James Patten, whose LinkedIn profile identifies him as a financial analyst at Coker Sr.’s Tryon Capital, struggled at the institute with Hometown International CEO Paul Morina.

According to the regulator’s database, FINRA, the broker-dealer regulator, prohibits Patten from acting as a stockbroker or partnering with brokers.

Patten was the subject of repeated disciplinary action by FINRA, which included failing to comply with an arbitration award of more than $ 753,000 for violating securities laws, trading unauthorized and modifying a client’s account.

In 2006, he successfully appealed the sanctions imposed by an SEC administrative law judge in a case in which he was accused of manipulating the price of a share traded on the Nasdaq.

Patten was defended in this case by Ira Sorkin, the lawyer best known for representing Ponzi scheme chief Bernie Madoff, who died in prison last week.

Morina, who did not return repeated requests for comment, according to SEC requests, has 1.5 million common shares in her hometown, which on paper are worth more than $ 20 million, given the price of the current action.

Morina is also the principal of Paulsboro High School and is also the coach of the school’s renowned wrestling team, which is a perennial candidate for state championship titles.

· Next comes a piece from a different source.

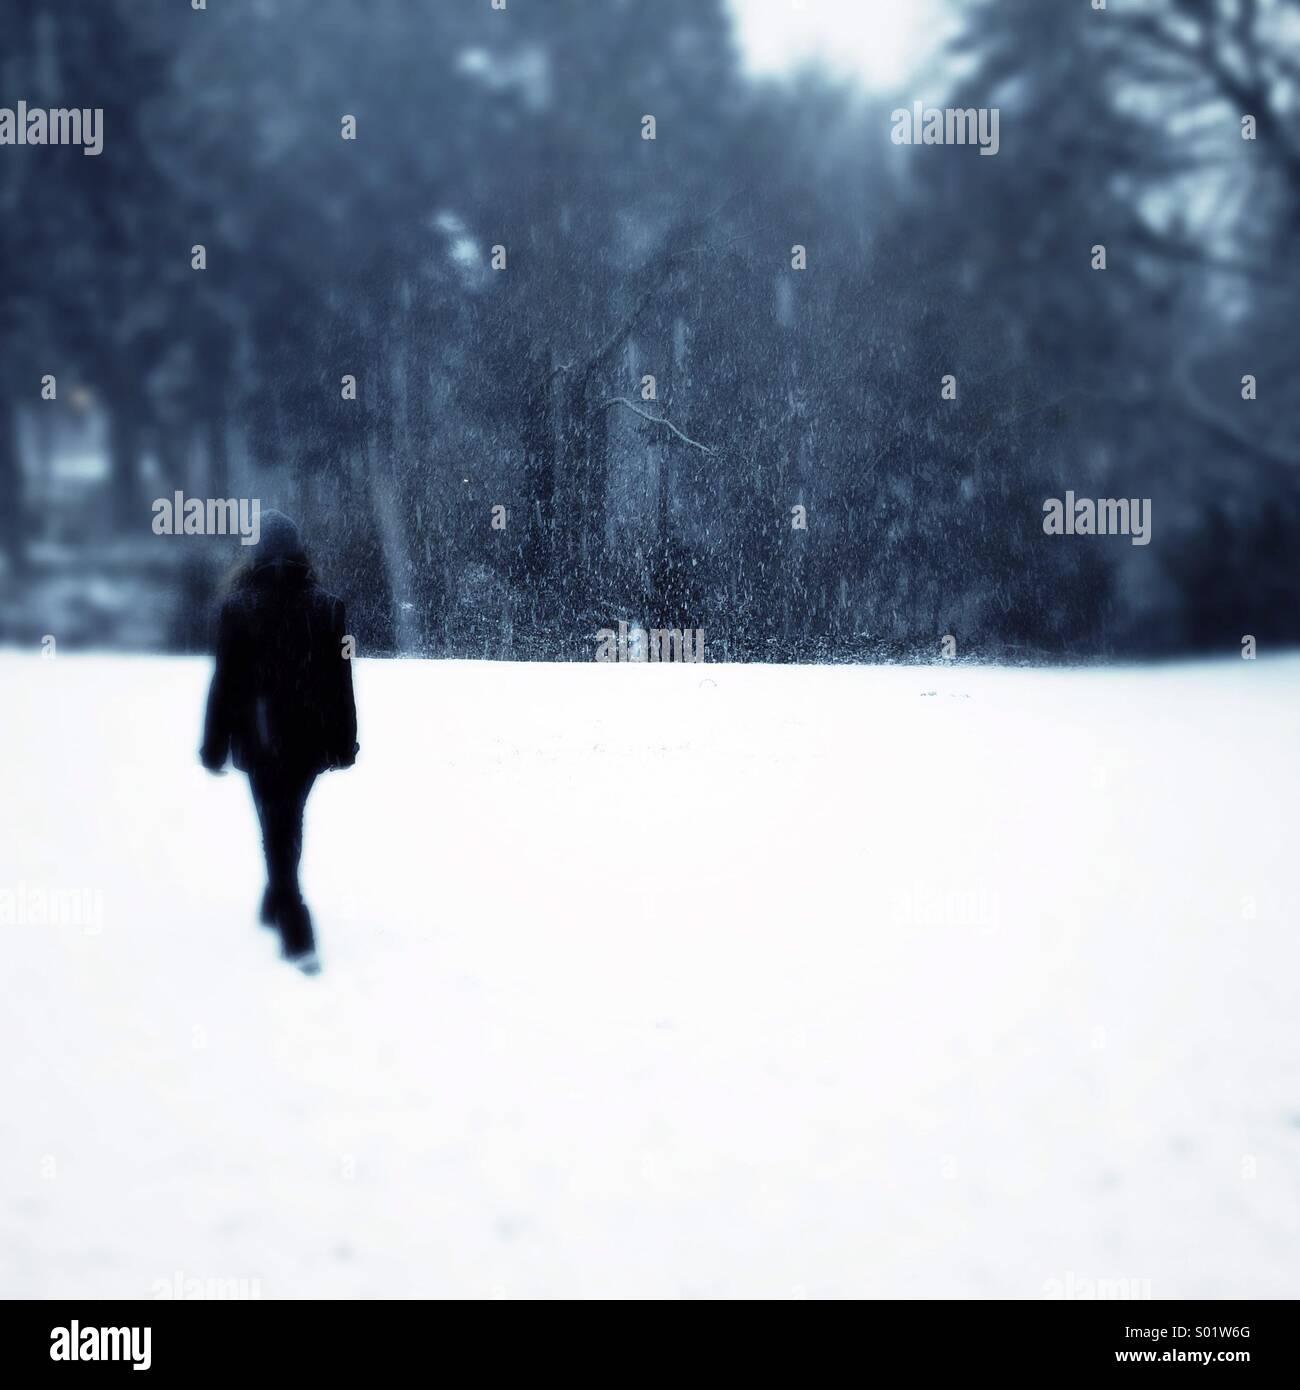 girl walking in snow - Stock Image
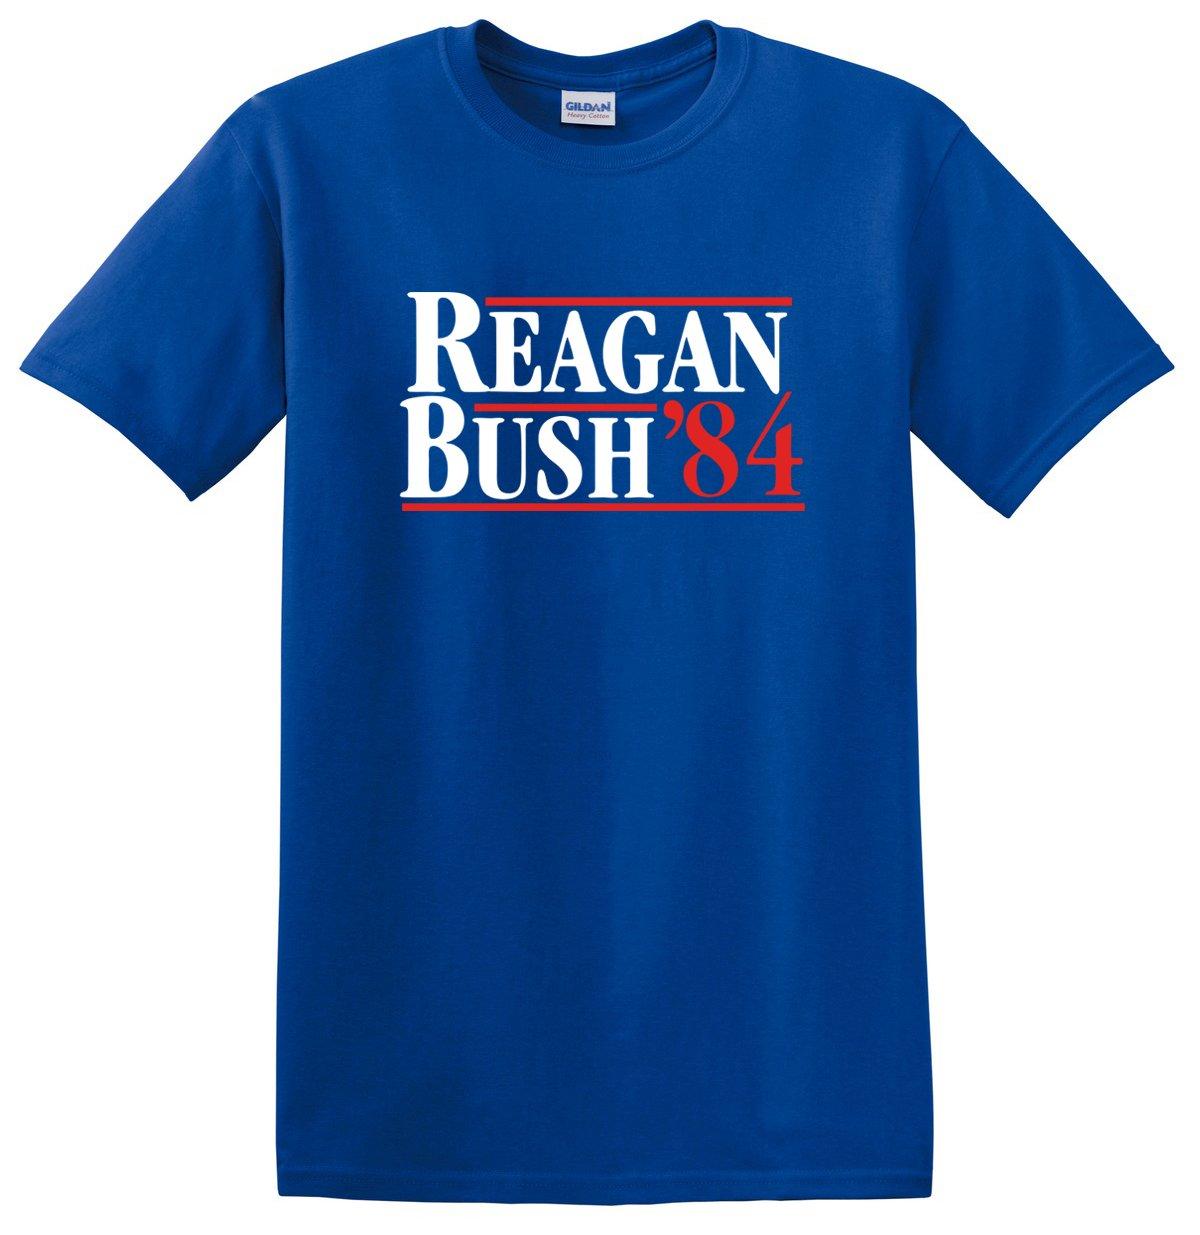 New York Fashion Police Reagan Bush 84 T Shirt Republican Presidential Election Campaign G

His brother, Carmel Morina, is a sheriff in Gloucester County, New Jersey, which includes Paulsboro.

Patten is the signer of a letter, cited in SEC requests, detailing the lease of the building to Your Hometown Deli, which is the company’s only business, from Mantua Creek Group. SEC requests indicate that Paul Morina is also involved in the Mantua Creek group.

The letter was sent to the other executive executive in her hometown, Christine Lindenmuth, who is a math teacher and administrator at Paulsboro High School.

Patten did not respond to any requests for comment. Lindenmuth has not returned repeated requests for comments.

Public records show Morina is the owner of the property that appears adjacent to the delicatessen, along with John Giovannitti, sporting director of Paulsboro Minor and High School, the principal of the high school and chairman of the board of trustees. Paulsboro district.

Giovannitti did not return any requests for comment.